Looking at the chart it looks like Avalon has better protection than Isthmus Cove at Two Harbors, but Two Harbors sounds more our speed than Avalon. I suppose we could spend some time at each.

Thanks again everyone, I'm starting to get pretty excited for this trip!


----------



## gptyk (Mar 20, 2013)

The other thing that often happens is it's dead calm in the AM. I'm out of Dana Point, many trips to the island. Probably 20 percent or so started off sailing - most often I have to motor over at least part way. (Summer is real bad for being dead in the morning, Spring has better chances for wind). It's also quite a bit farther from Dana Point, but then again I'm 5 min from my slip to the ocean so that makes up for some of it.

I'm thinking of going over after x-mas, weather permitting. 

As everybody else said: Santa Ana's are killer. Cat harbor is the only place that's you can find moderate protection. Avalon becomes deadly (literally). 
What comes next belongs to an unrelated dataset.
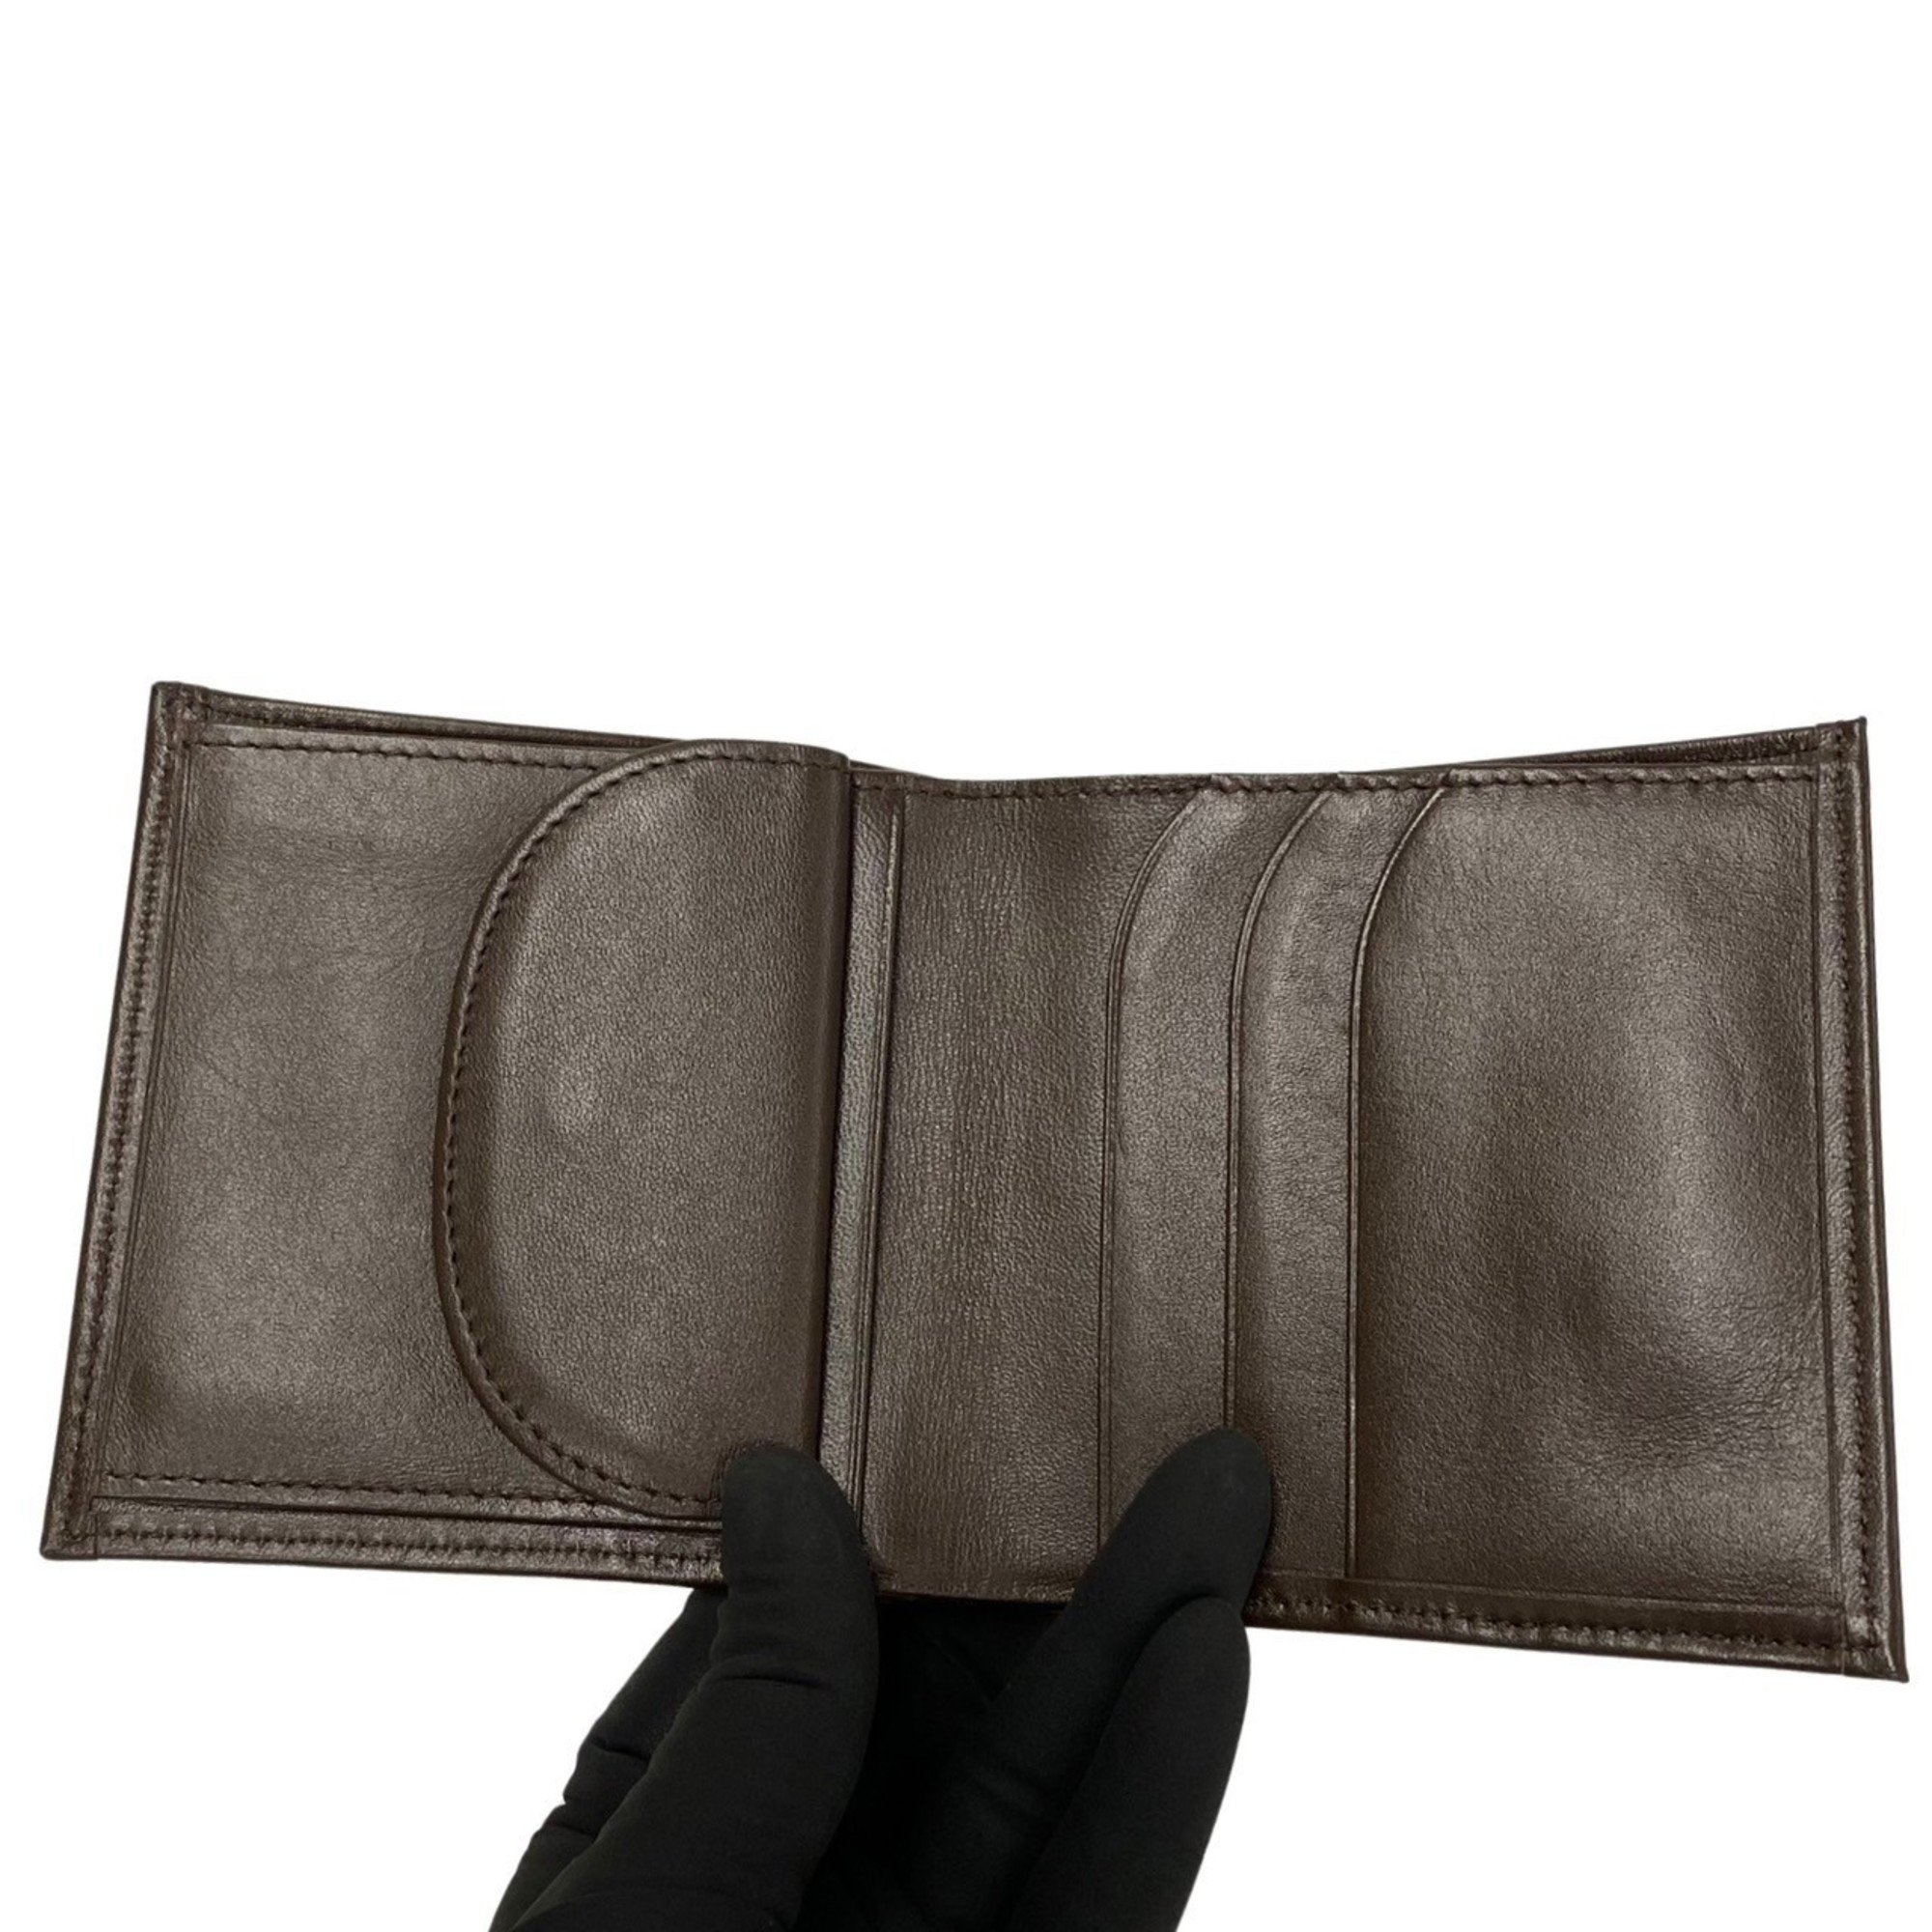 Burberrys Nova Check Pattern Canvas Leather Bi-fold Wallet Brown 84014

I'm good for a day in Avalon, beyond that it's too busy. Really like Two Harbors/Cat Harbor. I've stayed at whites a few times too (nothing ashore). You _gotta_ get a Buffalo Milk at the bar in two harbors.


----------



## zeehag (Nov 16, 2008)

it is 26. ,easured at 26.1 miles angels gate to avalon. is on charts and in books 
ifyou choose to believe 21 miles, that is your business. it has always been 26.1 miles, the 10 yrs i was sailing there--- i guess someone changed the san pedro channel after i left..


----------



## svHyLyte (Nov 13, 2008)

zeehag said:


> avalon from angels gate is precisely 26.1 miles.
> takes minimum of 4 hours to traverse channel.
> there is 4 kt southerly drift.
> check weather and have good fun.
> ...


Zee--

I suspect you are speaking of statute miles. From my old charts, sitting here on my desk, to a point 50 yards north of the ferry mole at Avalon from the center of Angles Gate measures 22.2 nautical miles. From the mid-point of Angel's Gate to a position just north of the mid-point of Fisherman's Cove, at the Isthmus measures about 19.9 miles. From the end of the jetty at Alamitos Bay to the same point at the Isthmus measures about 25.3 miles as one has to jog east a bit to miss the east end of the LB breakwater.

Someone commented that one has to motor northwest behind the breakwater for 45 minutes to depart from Angels gate. Perhaps so but leaving from Angels Gate gives one much better angles to either Avalon or Two Harbors which will save one (usually) much more than 45 minutes of beating across San Pedro Channel and a much better crossing angle for the traffic lanes through the channel. On the way home we always went directly for the east end of the breakwater and the Alamitos Bay jetty and often made that passage in 3-1/2 hours. It was an off-the-wind, down current/waves sleigh-ride. Leave by 1300, home by 1630! (Never did it in March, however!)

FWIW...


----------



## Minnesail (Feb 19, 2013)

Pardon my ignorance, but what/where is Angels Gate?


----------



## Lazerbrains (Oct 25, 2015)

zeehag said:


> it is 26. ,easured at 26.1 miles angels gate to avalon. is on charts and in books
> ifyou choose to believe 21 miles, that is your business. it has always been 26.1 miles, the 10 yrs i was sailing there--- i guess someone changed the san pedro channel after i left..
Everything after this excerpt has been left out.